What to work on - Give the listing again word for word. Leave every image out.
-- Recorded information follows --
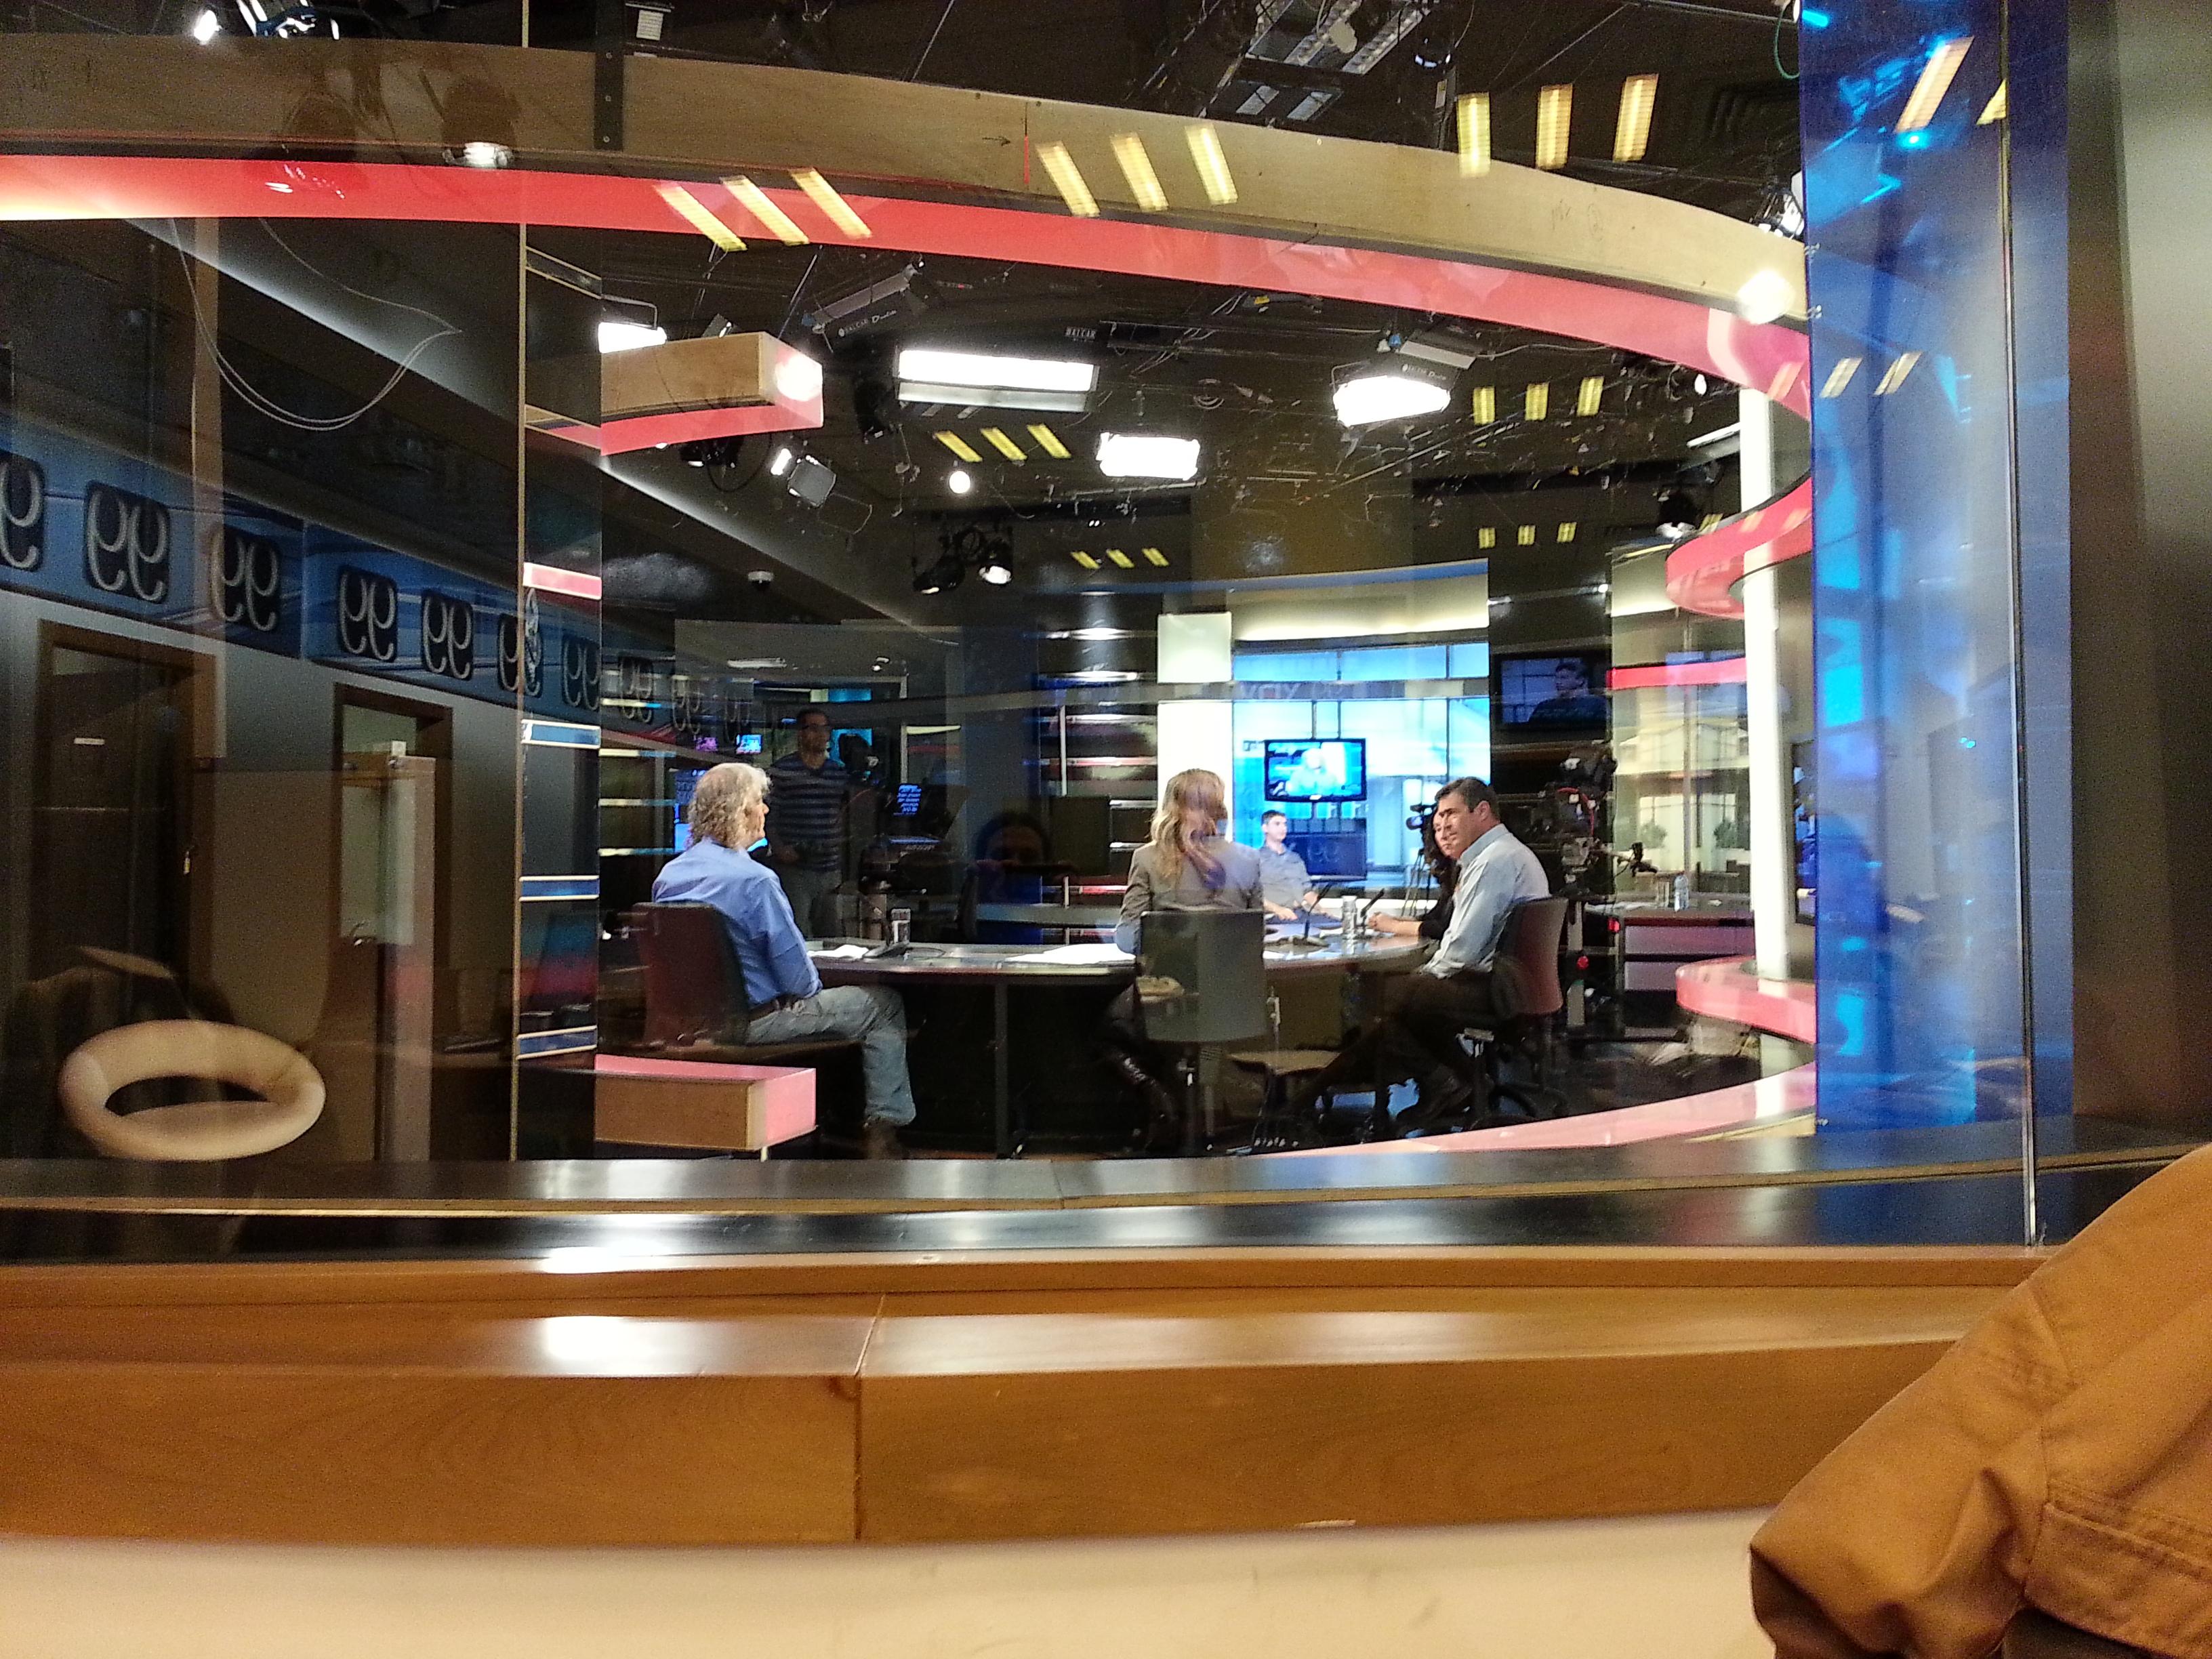 דן בירון מתראיין בערוץ הכנסת 05.12.2012
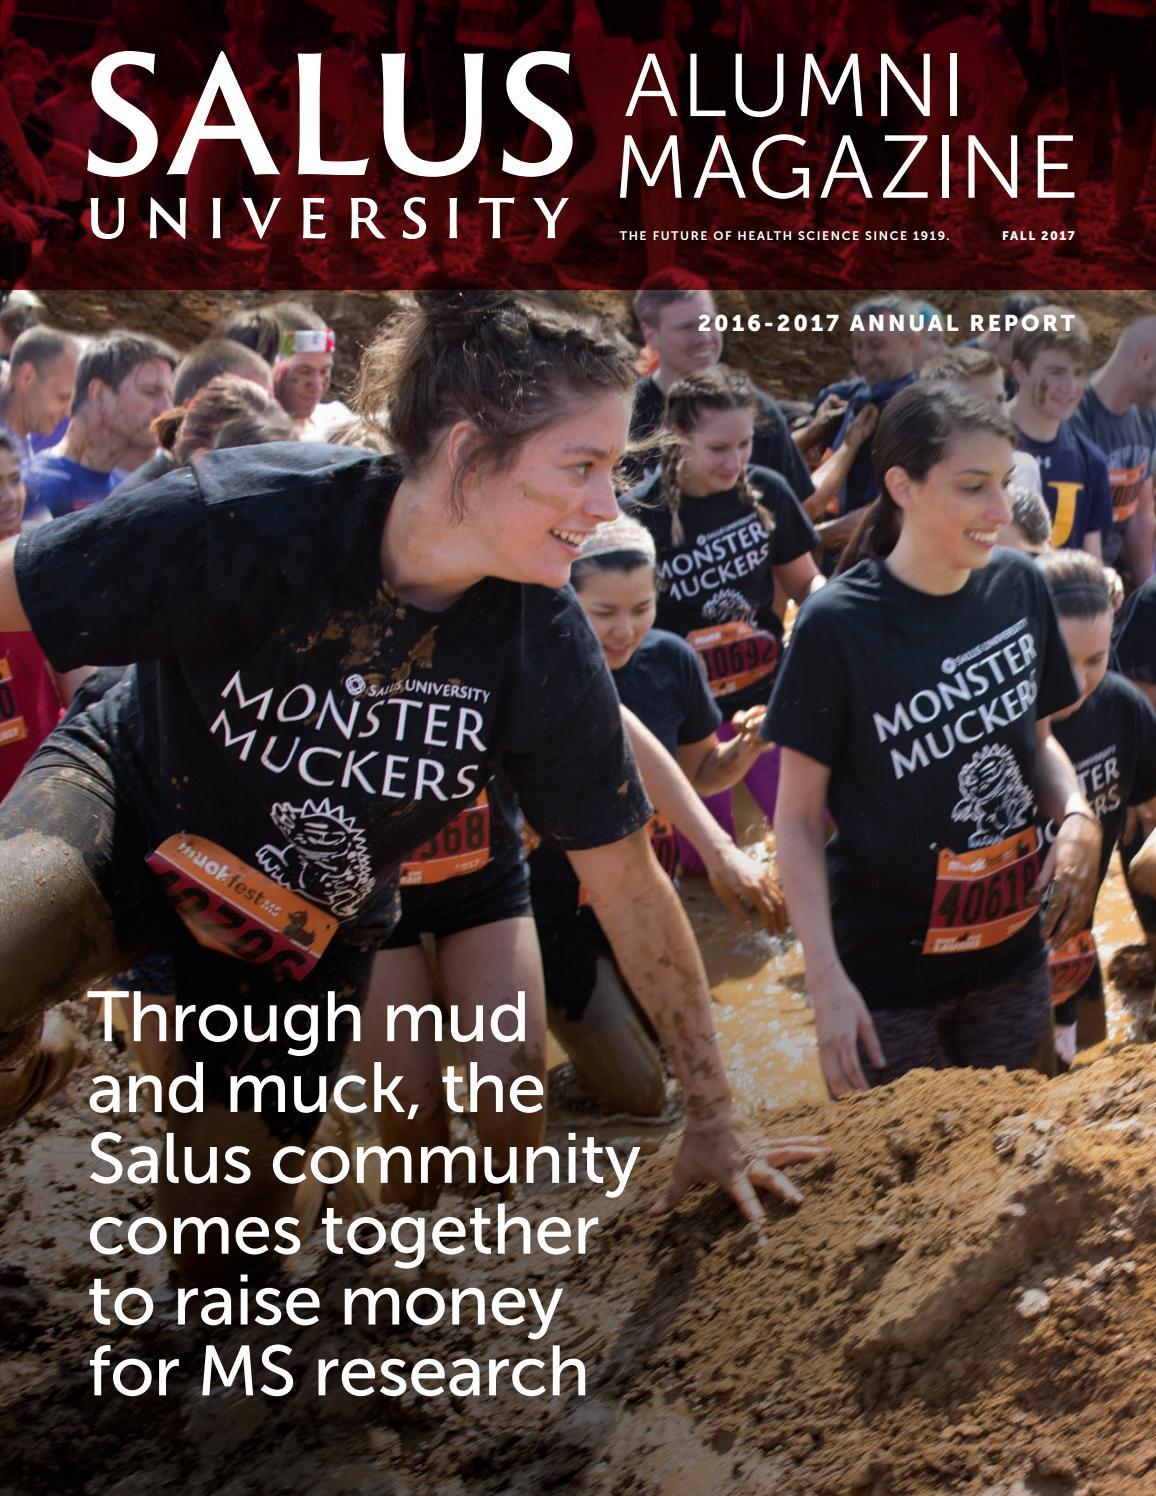 Salus University Alumni Magazine Fall 2017 By Salus University Issuu
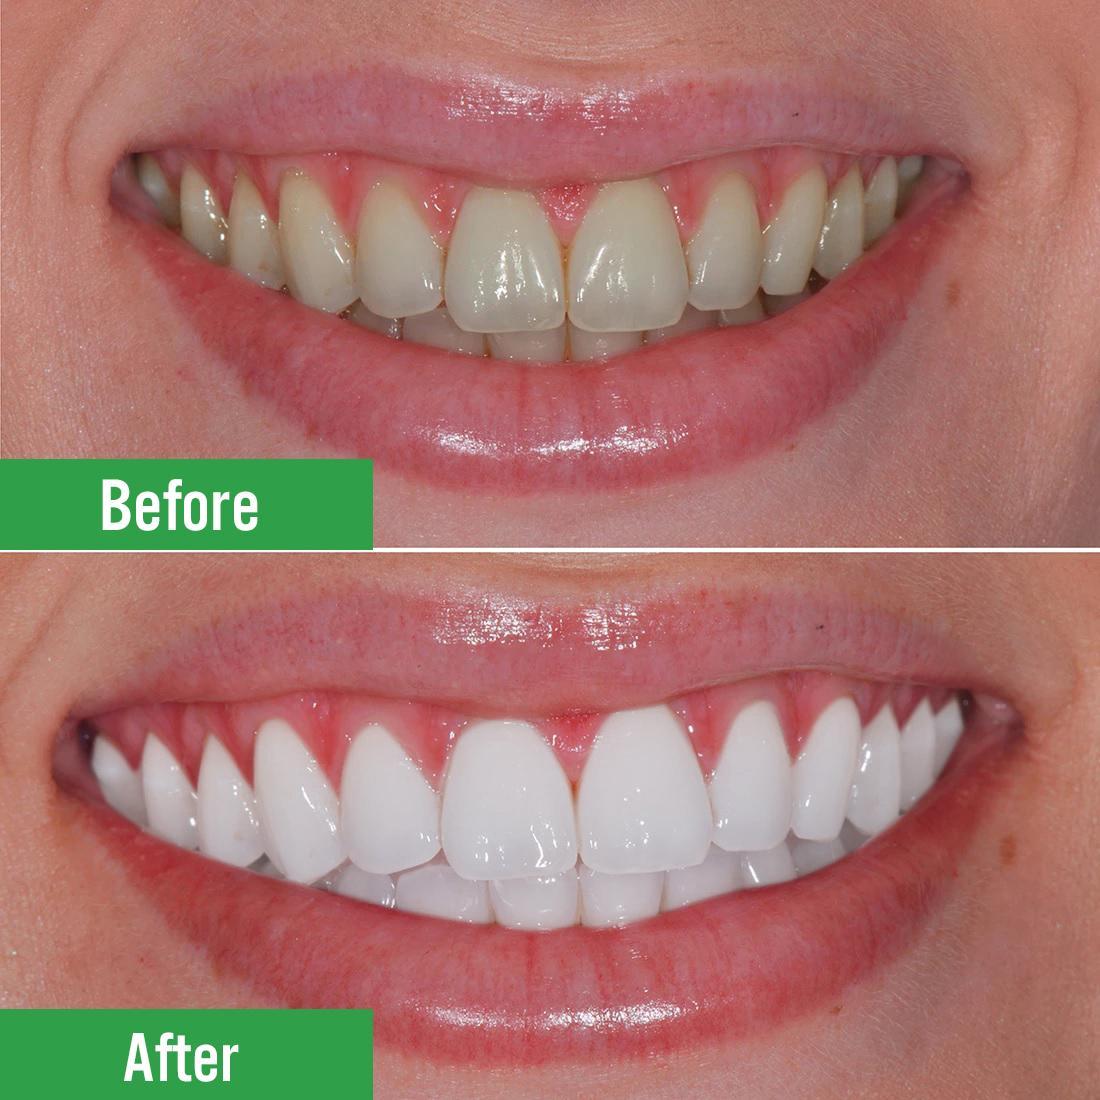 Quy Trình Tẩy Trắng Răng Nha Khoa Như Thế Nào?
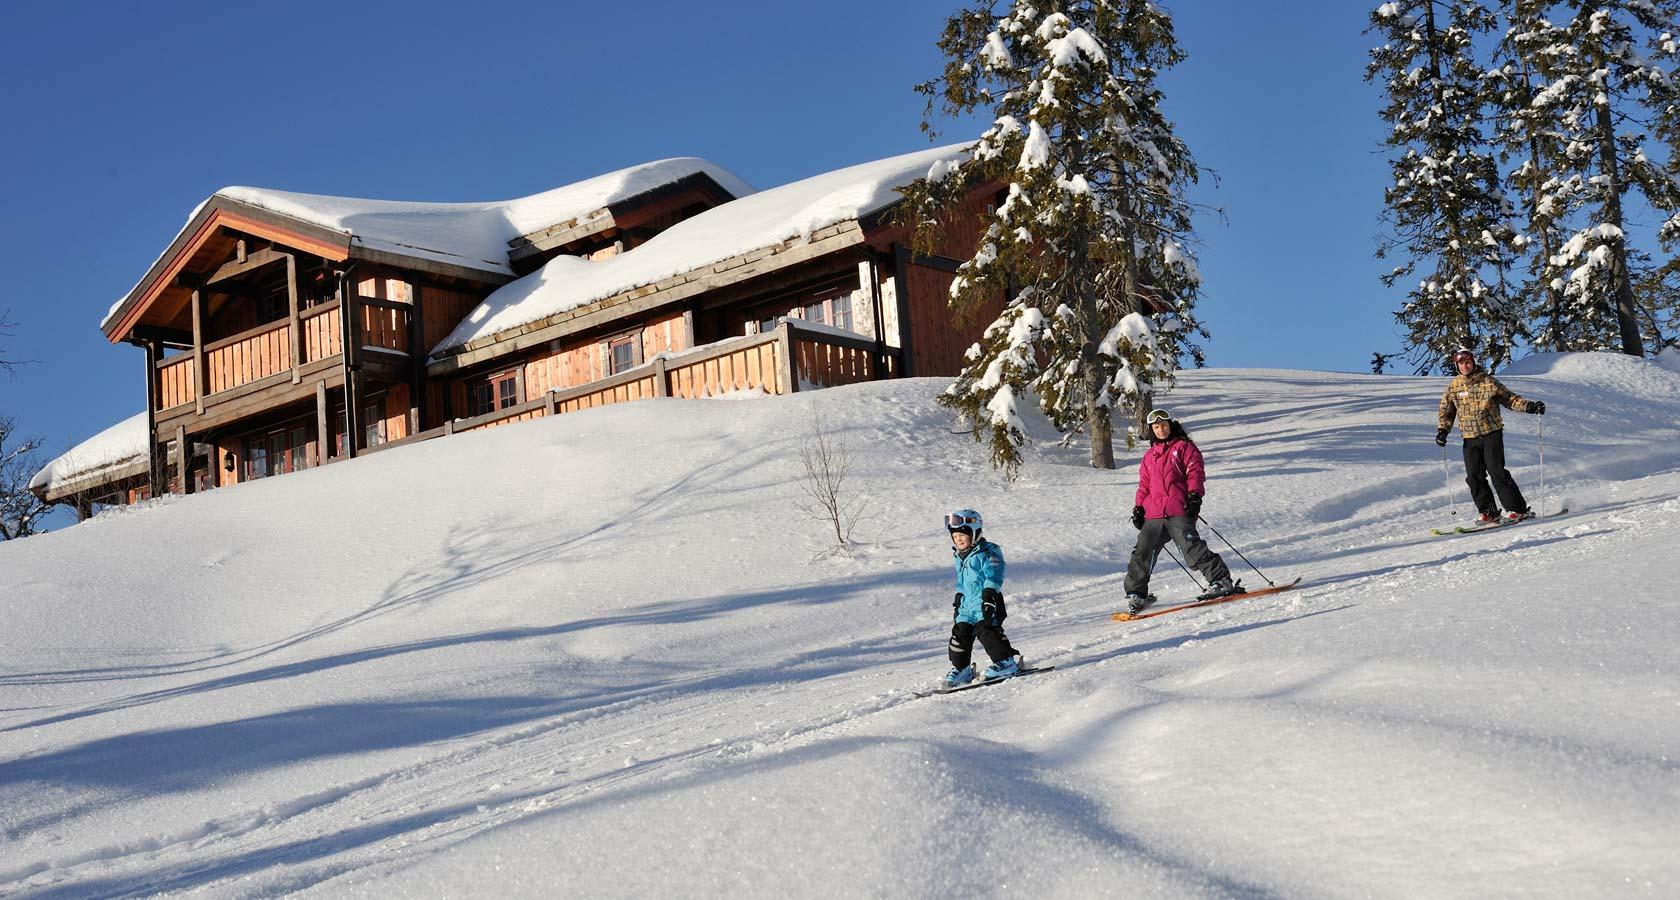 skiin.jpg
-- Recorded information concluded --
Response for this exercise -
 דן בירון מתראיין בערוץ הכנסת 05.12.2012
 Salus University Alumni Magazine Fall 2017 By Salus University Issuu
 Quy Trình Tẩy Trắng Răng Nha Khoa Như Thế Nào?
 skiin.jpg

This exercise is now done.